• [INSTRUCTIONS FOR THE TASK]: Exclude the pictures and transcribe the rest of the data below exactly.

═══ PROVIDED DATA

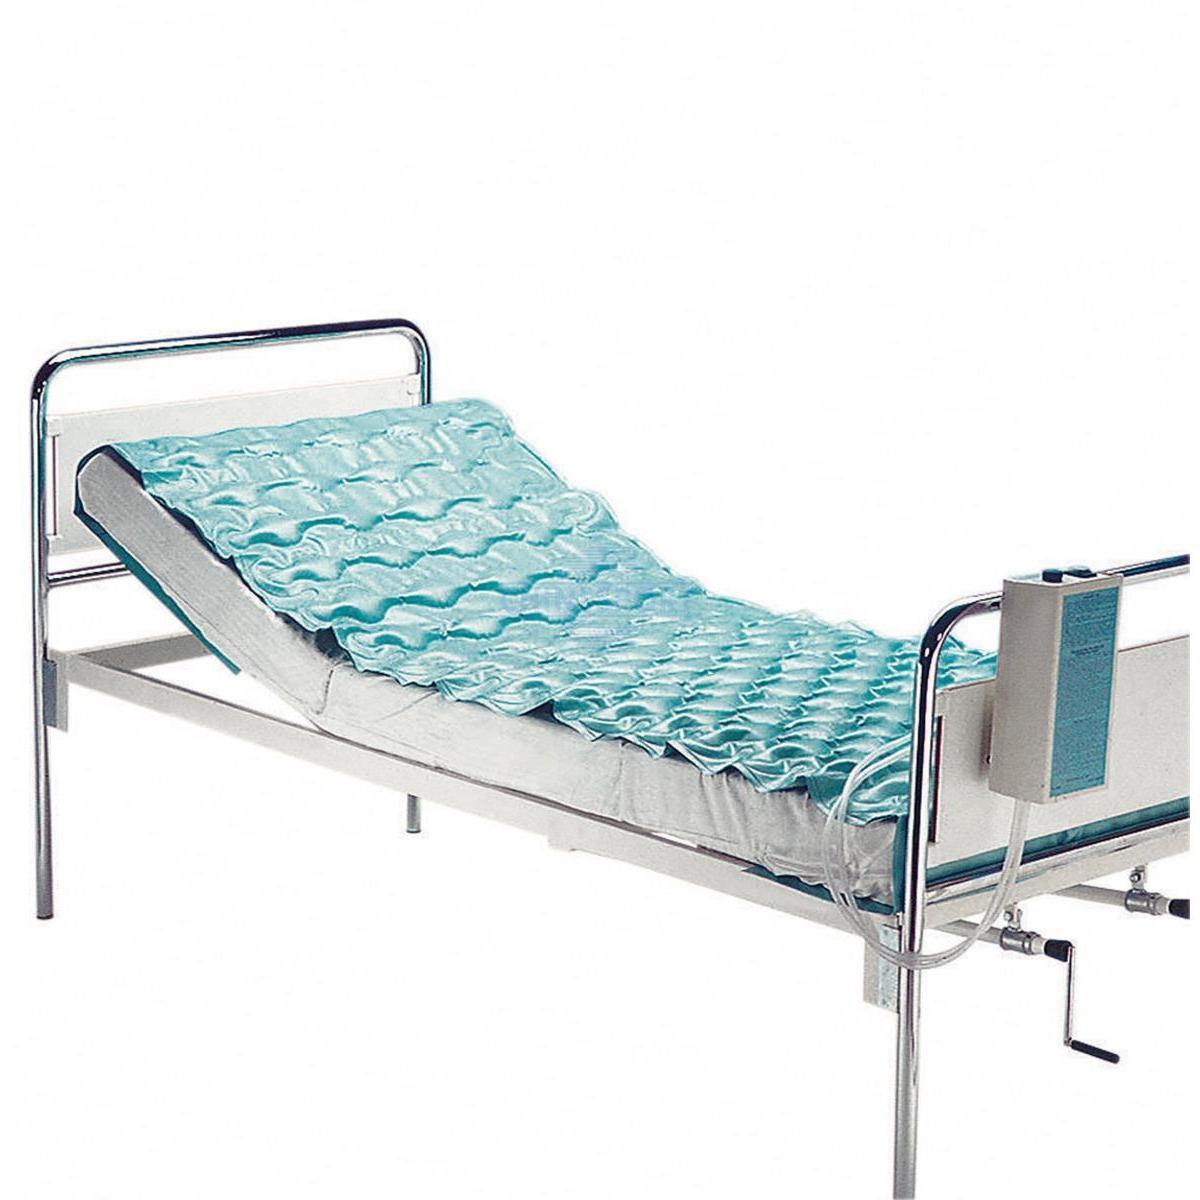 Materasso dotato di compressore per il gonfiaggio. Valido aiuto per la cura e la profilassi contro le piaghe da decubito. Completo di telini per il fissaggio al letto sottostante. Adatto a pazienti fino a kg 100.
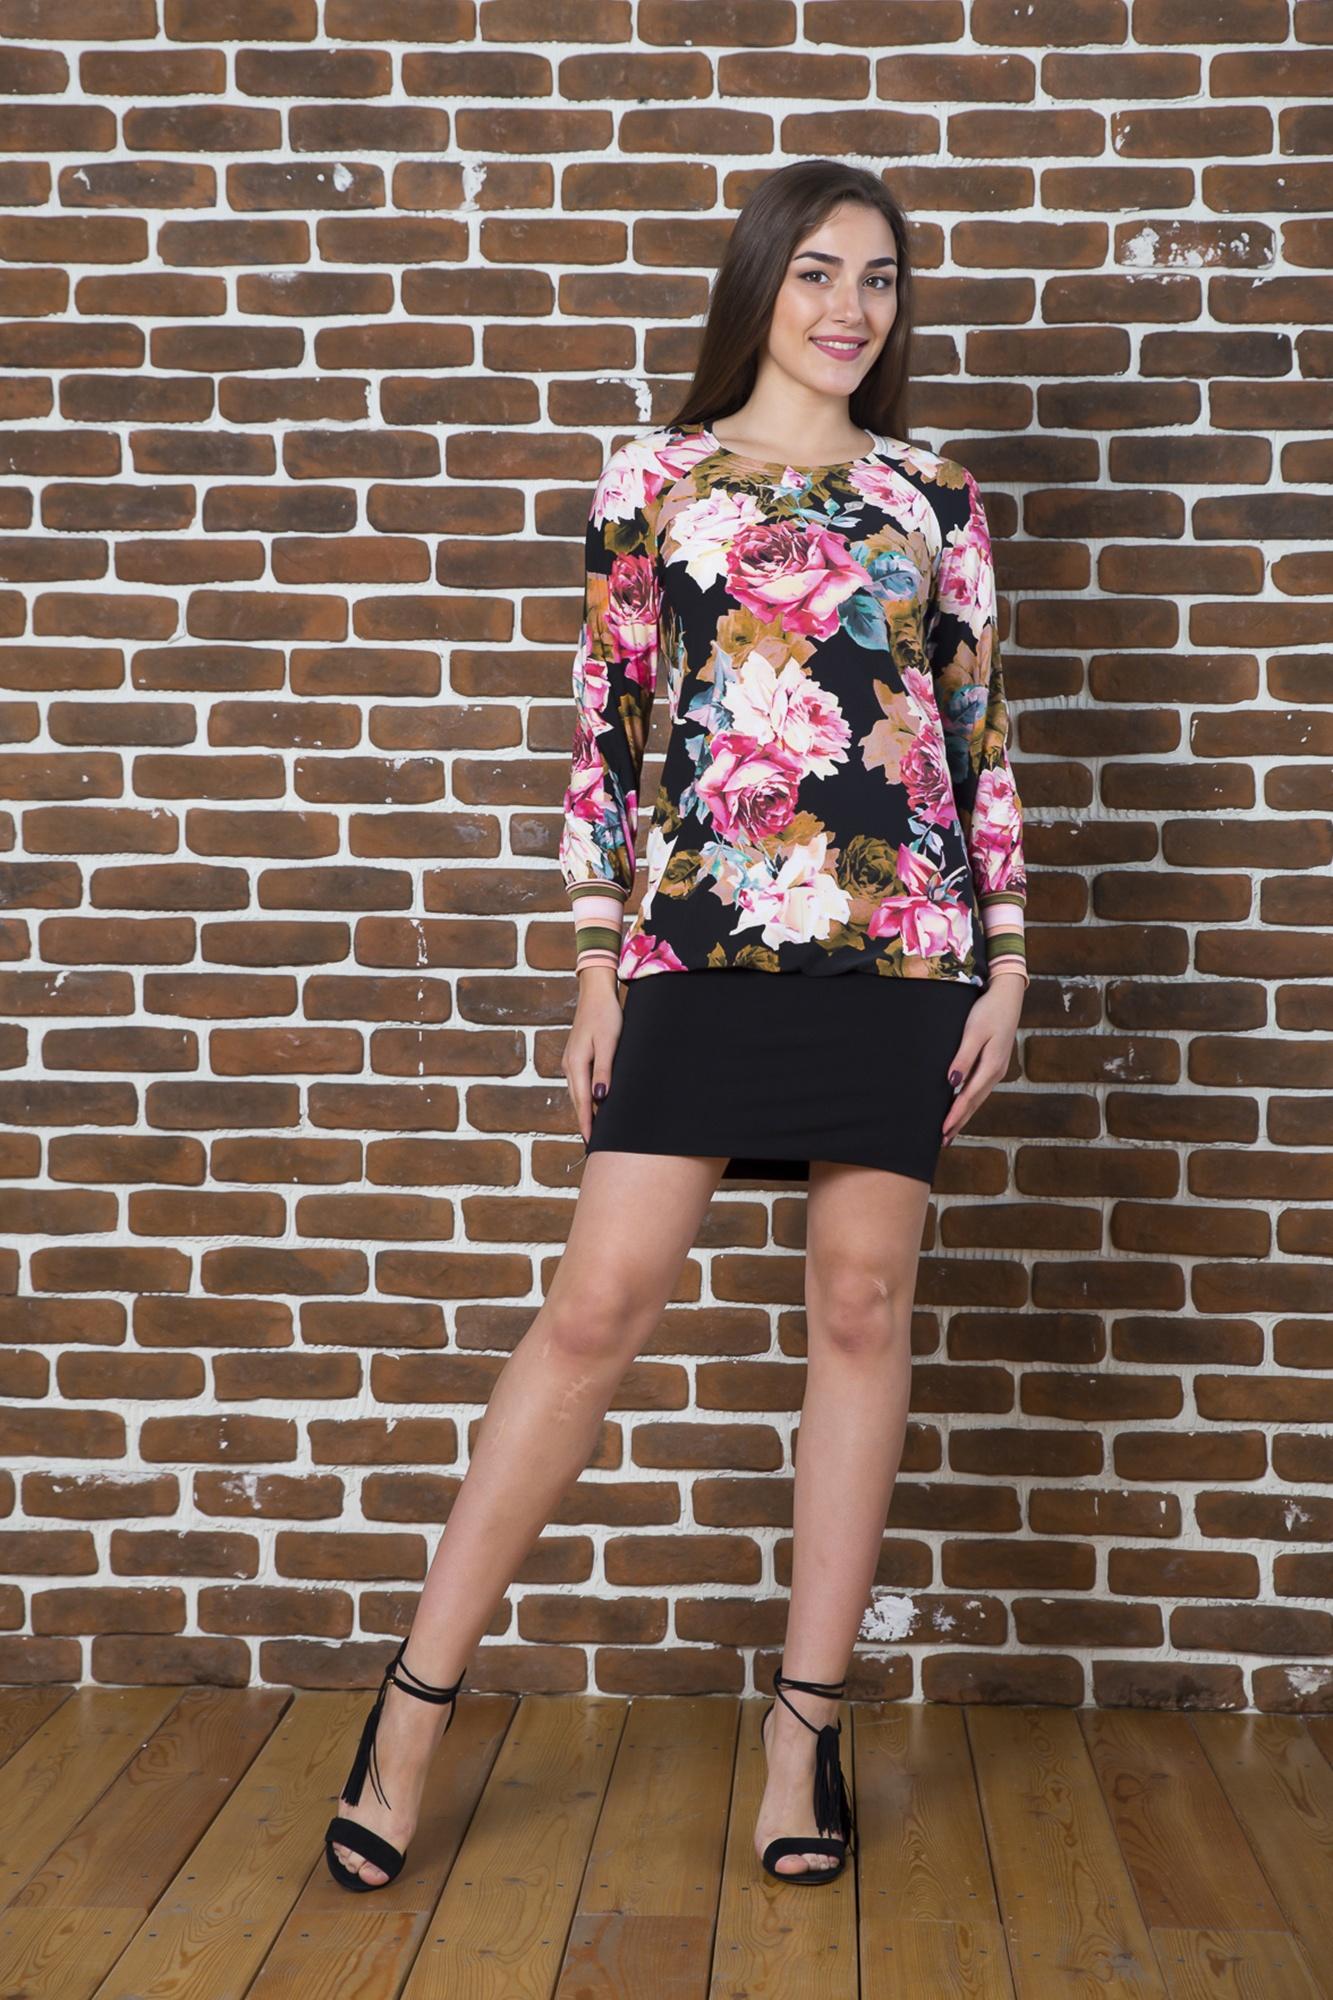 ПлатьеПлатья<br>Чудесное платье имитирующее однотонную юбку и цветную блузку. Модель выполнена из струящегося трикотажа. Отличный выбор для любого случая.  Длина по спинке 42-98 см 44- 99 см 46-100 см 48-101 см 50- 102 см 52- 103 см Длина рукава 42-69 см 44-69 см 46-70 см 48- 70 см 50- 71 см 52-71 см  В изделии использованы цвета: черный, розовый и др.  Ростовка изделия 170 см.<br><br>Горловина: С- горловина<br>По длине: До колена<br>По материалу: Трикотаж<br>По рисунку: Растительные мотивы,С принтом,Цветные,Цветочные<br>По силуэту: Приталенные<br>По стилю: Повседневный стиль<br>По элементам: С манжетами<br>Рукав: Длинный рукав<br>По сезону: Осень,Весна,Зима<br>Размер : 42,44,46,50<br>Материал: Холодное масло<br>Количество в наличии: 4
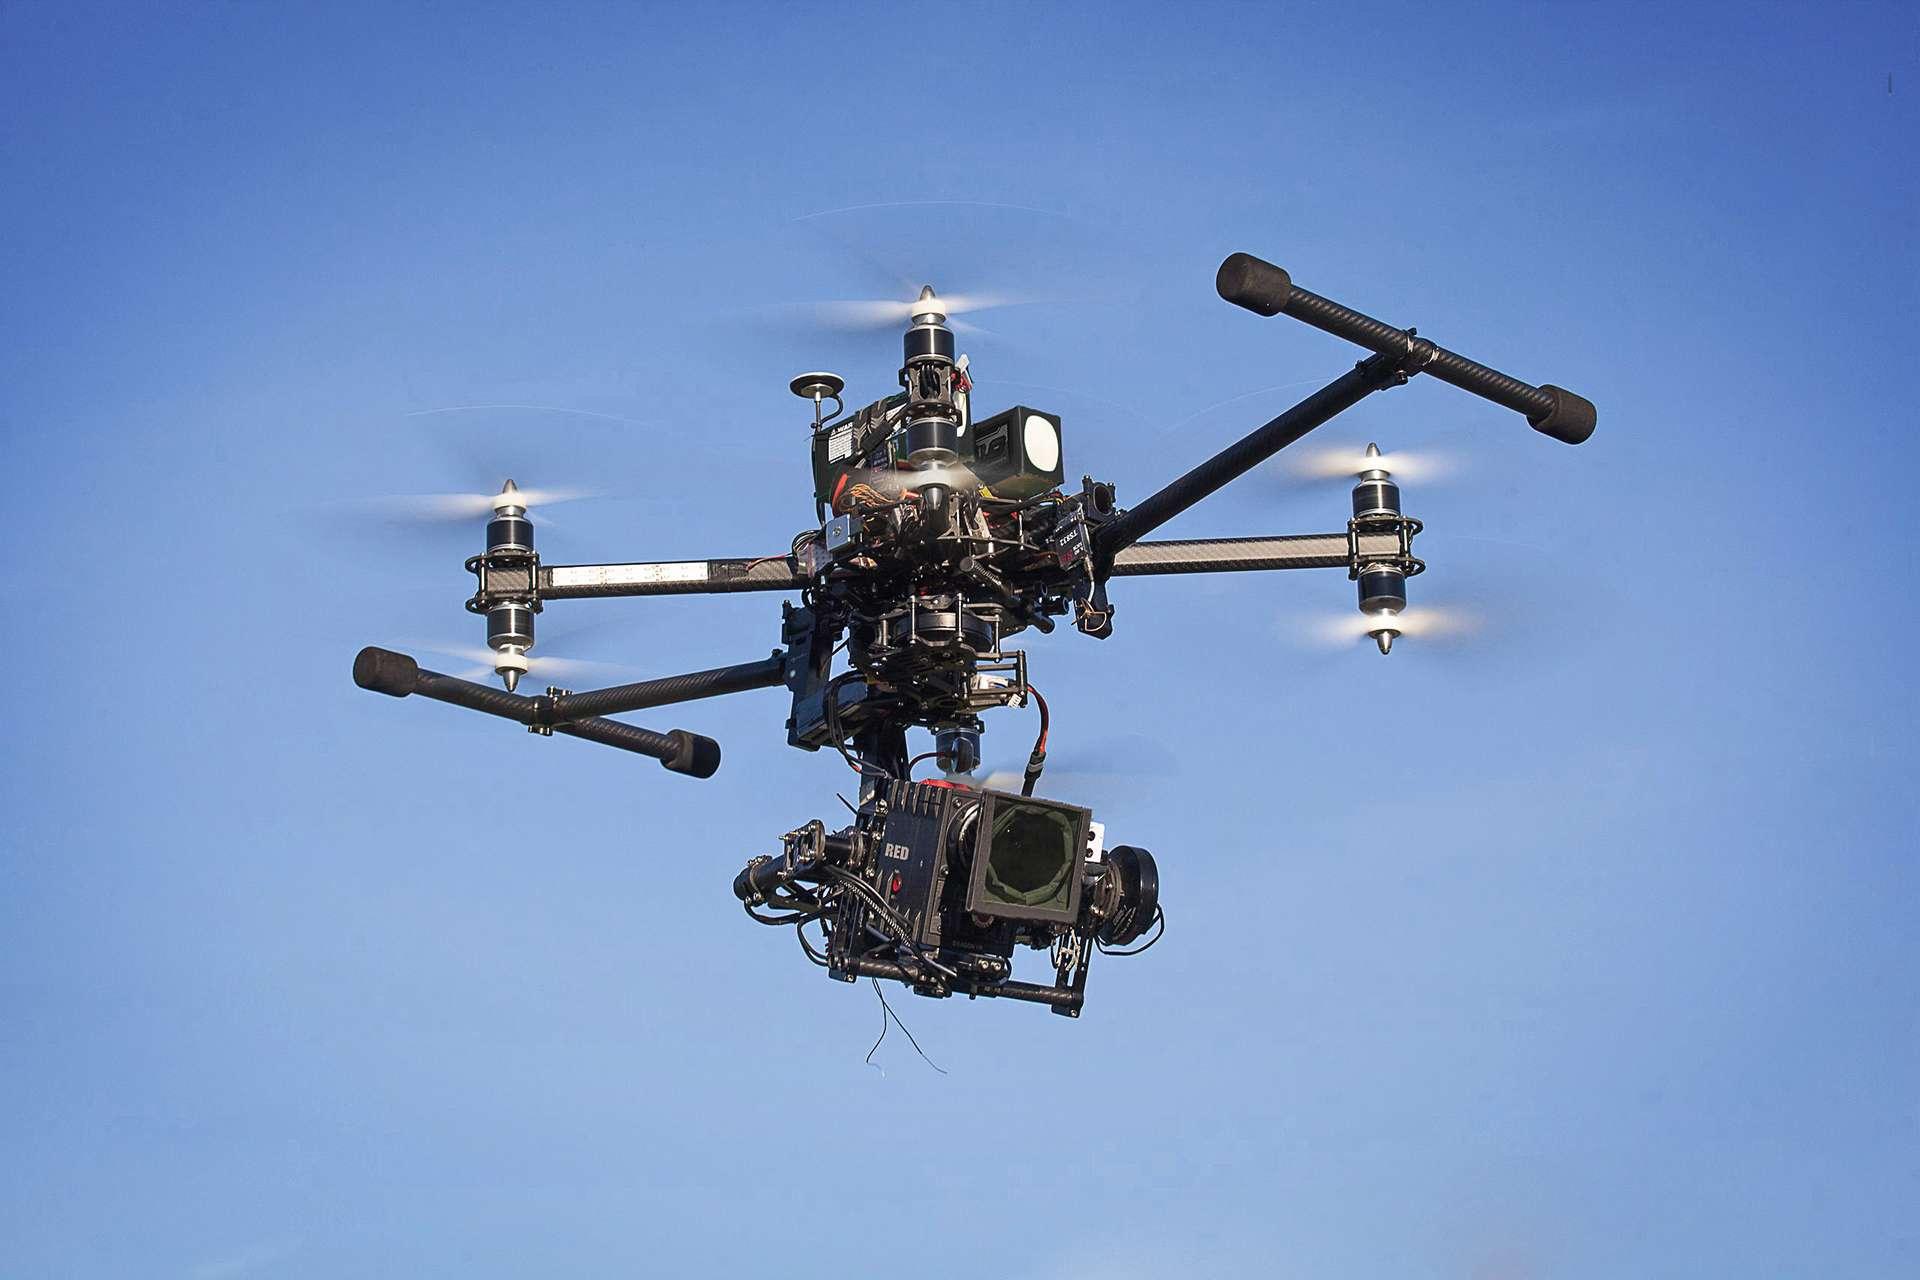 Drone festival in Turkey

══════

• [RESPONSE TO THE TASK]:
 Materasso dotato di compressore per il gonfiaggio. Valido aiuto per la cura e la profilassi contro le piaghe da decubito. Completo di telini per il fissaggio al letto sottostante. Adatto a pazienti fino a kg 100.
 ПлатьеПлатья<br>Чудесное платье имитирующее однотонную юбку и цветную блузку. Модель выполнена из струящегося трикотажа. Отличный выбор для любого случая.  Длина по спинке 42-98 см 44- 99 см 46-100 см 48-101 см 50- 102 см 52- 103 см Длина рукава 42-69 см 44-69 см 46-70 см 48- 70 см 50- 71 см 52-71 см  В изделии использованы цвета: черный, розовый и др.  Ростовка изделия 170 см.<br><br>Горловина: С- горловина<br>По длине: До колена<br>По материалу: Трикотаж<br>По рисунку: Растительные мотивы,С принтом,Цветные,Цветочные<br>По силуэту: Приталенные<br>По стилю: Повседневный стиль<br>По элементам: С манжетами<br>Рукав: Длинный рукав<br>По сезону: Осень,Весна,Зима<br>Размер : 42,44,46,50<br>Материал: Холодное масло<br>Количество в наличии: 4
 Drone festival in Turkey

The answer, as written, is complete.